Snoring and sleep apnoea
Snoring is due to obstruction at either one or multiple levels of your nose and throat. You may have “simple snoring” where your oxygen levels are normal or “obstructive sleep apnoea” (OSA) where you stop breathing briefly with a decrease in your oxygen levels. OSA can lead to daytime sleepiness, waking up unrefreshed, and cardiovascular events (e.g. heart attacks, high blood pressure, and strokes).
How do I know if I have OSA?
You need to have a sleep study done, which is where specialised monitoring is used to diagnose your breathing, heart rate, oxygen levels etc as you sleep overnight in a hospital bed. This is done through a referral to the respiratory sleep physicians. In certain cases a limited sleep study can be done in your own home. Associate Professor Eng Ooi will refer you for a sleep study if required.
How do I treat snoring?
Weight loss, sleeping position, dental appliances, and CPAP are usually sufficient to manage your snoring. If these fail then surgery is an option.
Nasal – septoplasty and turbinate reduction (hyperlink to nasal page)
Throat – UPPP (uvulopalatopharyngoplasty) and/or radiofrequency tongue reduction.
A/Professor Eng Ooi has been treating patients with OSA using this surgical technique for selected patients with snoring and obstructive sleep apnoea. Successful surgery means you may not need to use CPAP or snore loudly. A/Professor Ooi is part of the Multi Centre NHMRC trial performing this surgical technique to assess its overall effectiveness in patients with moderate to severe OSA. Please ask for a referral to see A/Professor Ooi if you are interested in surgery for your sleep apnoea.
What is a UPPP?
It is a procedure under general anaesthesia to remove your tonsils, part of the uvula and the redundant tissue of the soft palate. A/Professor Eng Ooi uses a specialised technique to conserve and stitch your soft palate to produce a more natural appearance. The traditional technique of cutting the uvula off and squaring off your soft palate is believed to cause more globus (sensation of a lump) and swallowing difficulties. A/Professor Ooi uses newer techniques to minimise these problems.
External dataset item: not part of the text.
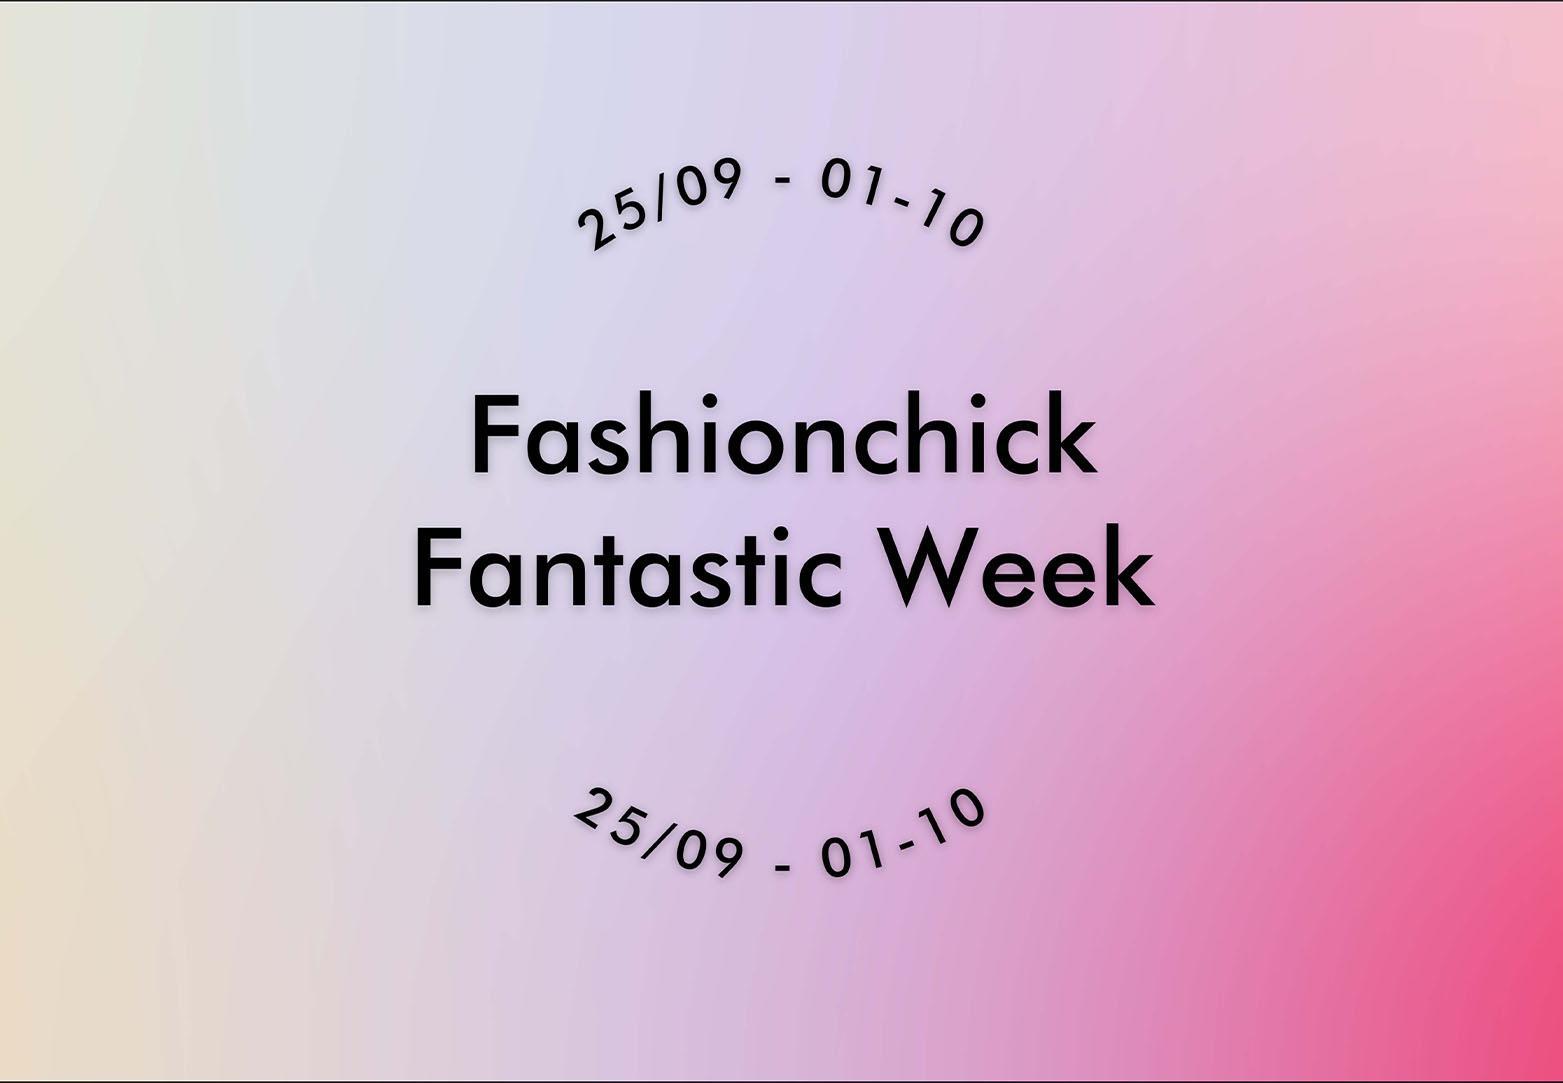 Fashionchick Fantastic Week - Deze merken doen mee

What is radiofrequency tongue reduction?
It is a procedure using coblation (a controlled non-heat driven process using radiofrequency energy and plasma to gently remove tissue) and a specialised wand to “shrink” the bulky tongue, therefore creating more space for you to breathe at night. There are risks with the procedure and A/Professor Eng Ooi will discuss these with you so that you can make an informed decision about your surgery.
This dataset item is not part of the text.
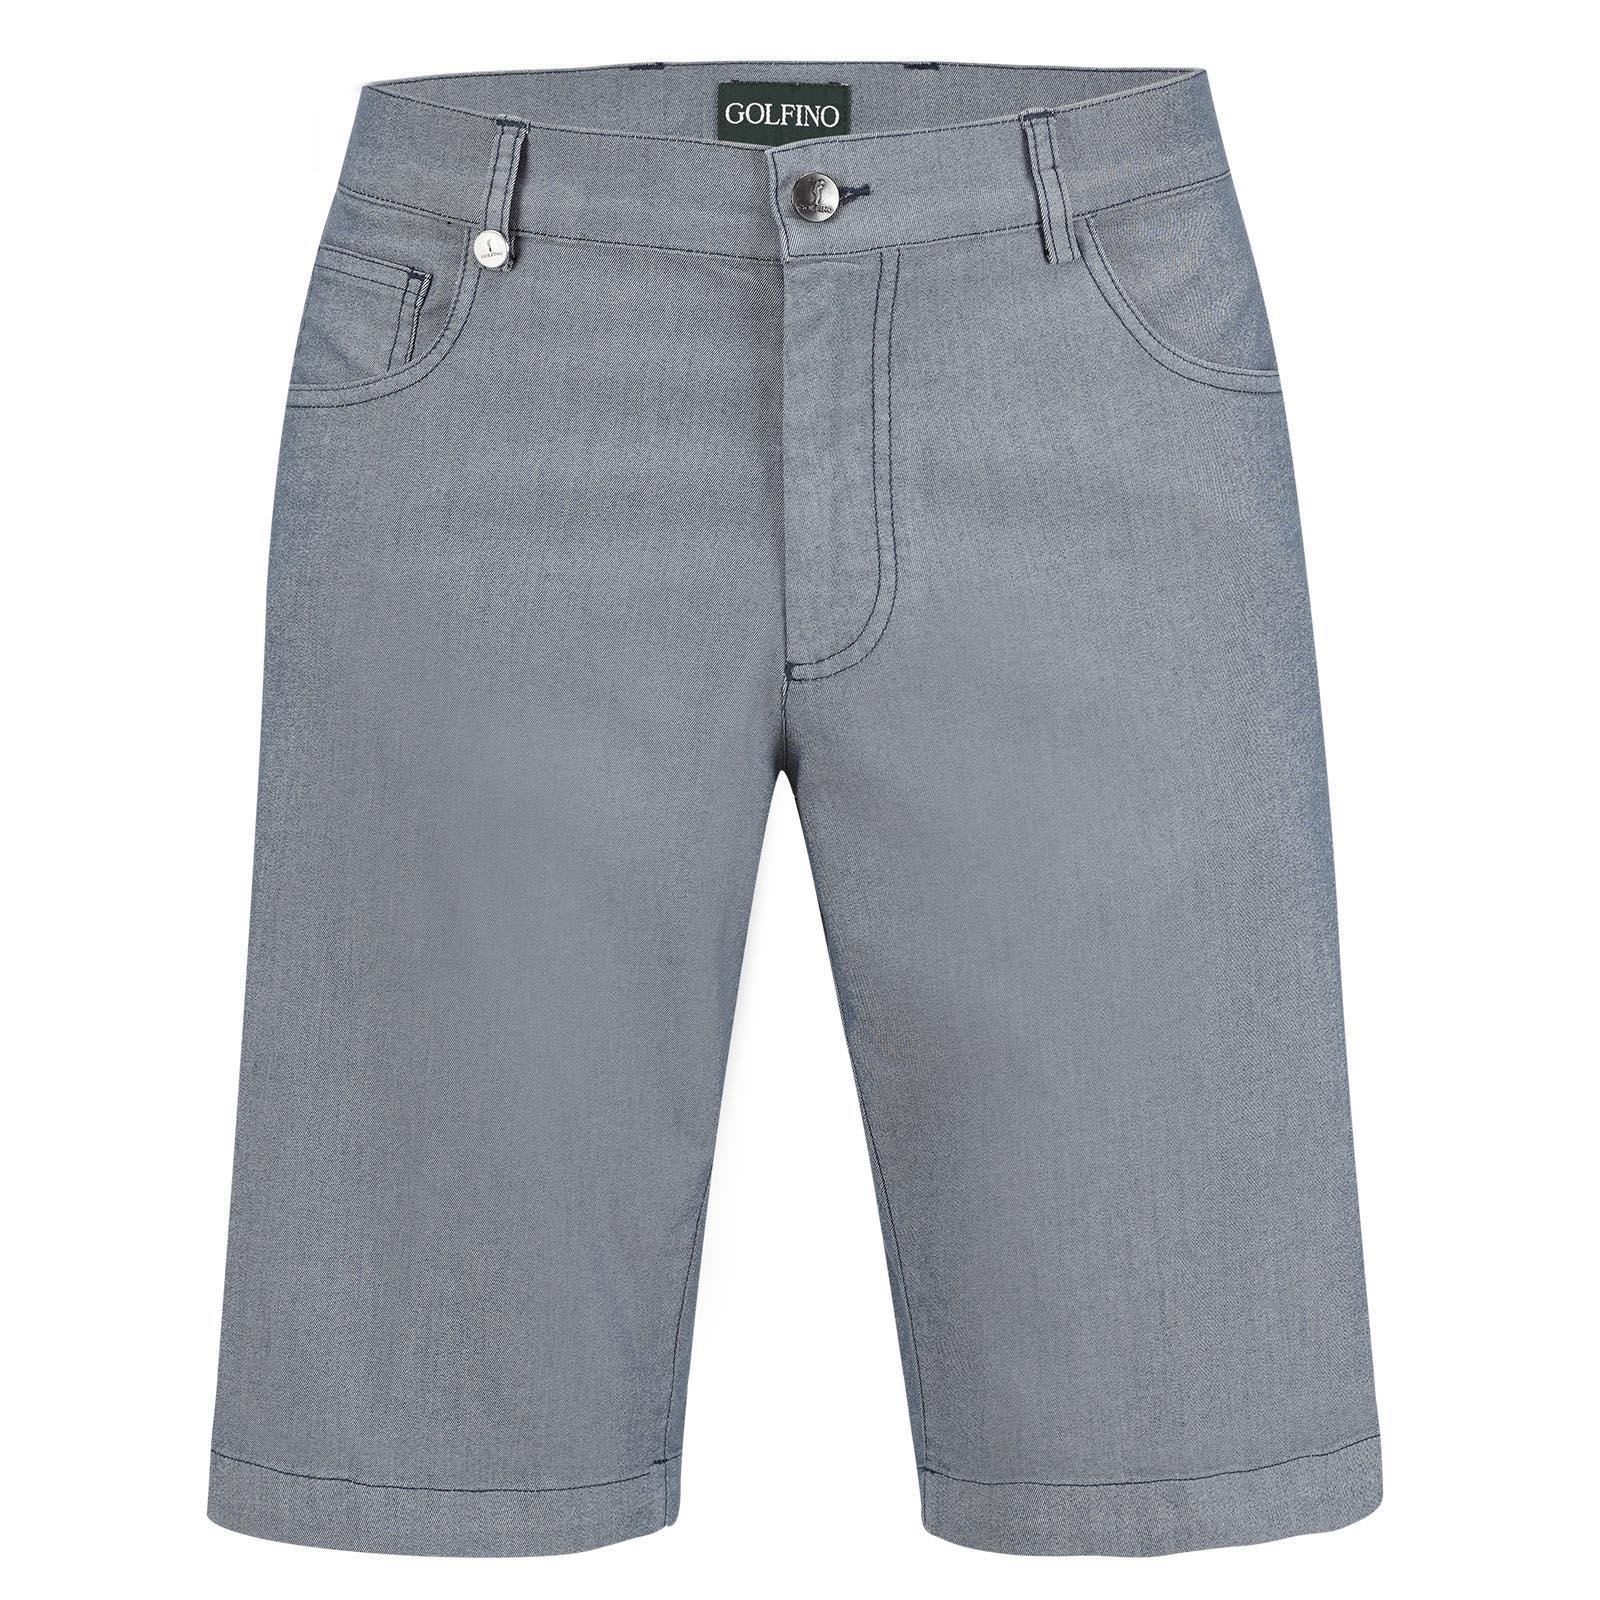 Men's Bermudas in five-pocket style

Access to the base of tongue can be difficult with standard surgical instruments. However the availability of a flexible robotic system using a single-port is an exciting development in being able to reach the tongue base and lingual tonsils. This is another exciting surgical option for patients with snoring and OSA. Associate Professor Eng Ooi is currently being proctored in the use of the Medrobotic flex system at Memorial Private Hospital to perform trans-oral robotic surgery (TORS) for patients with OSA and snoring.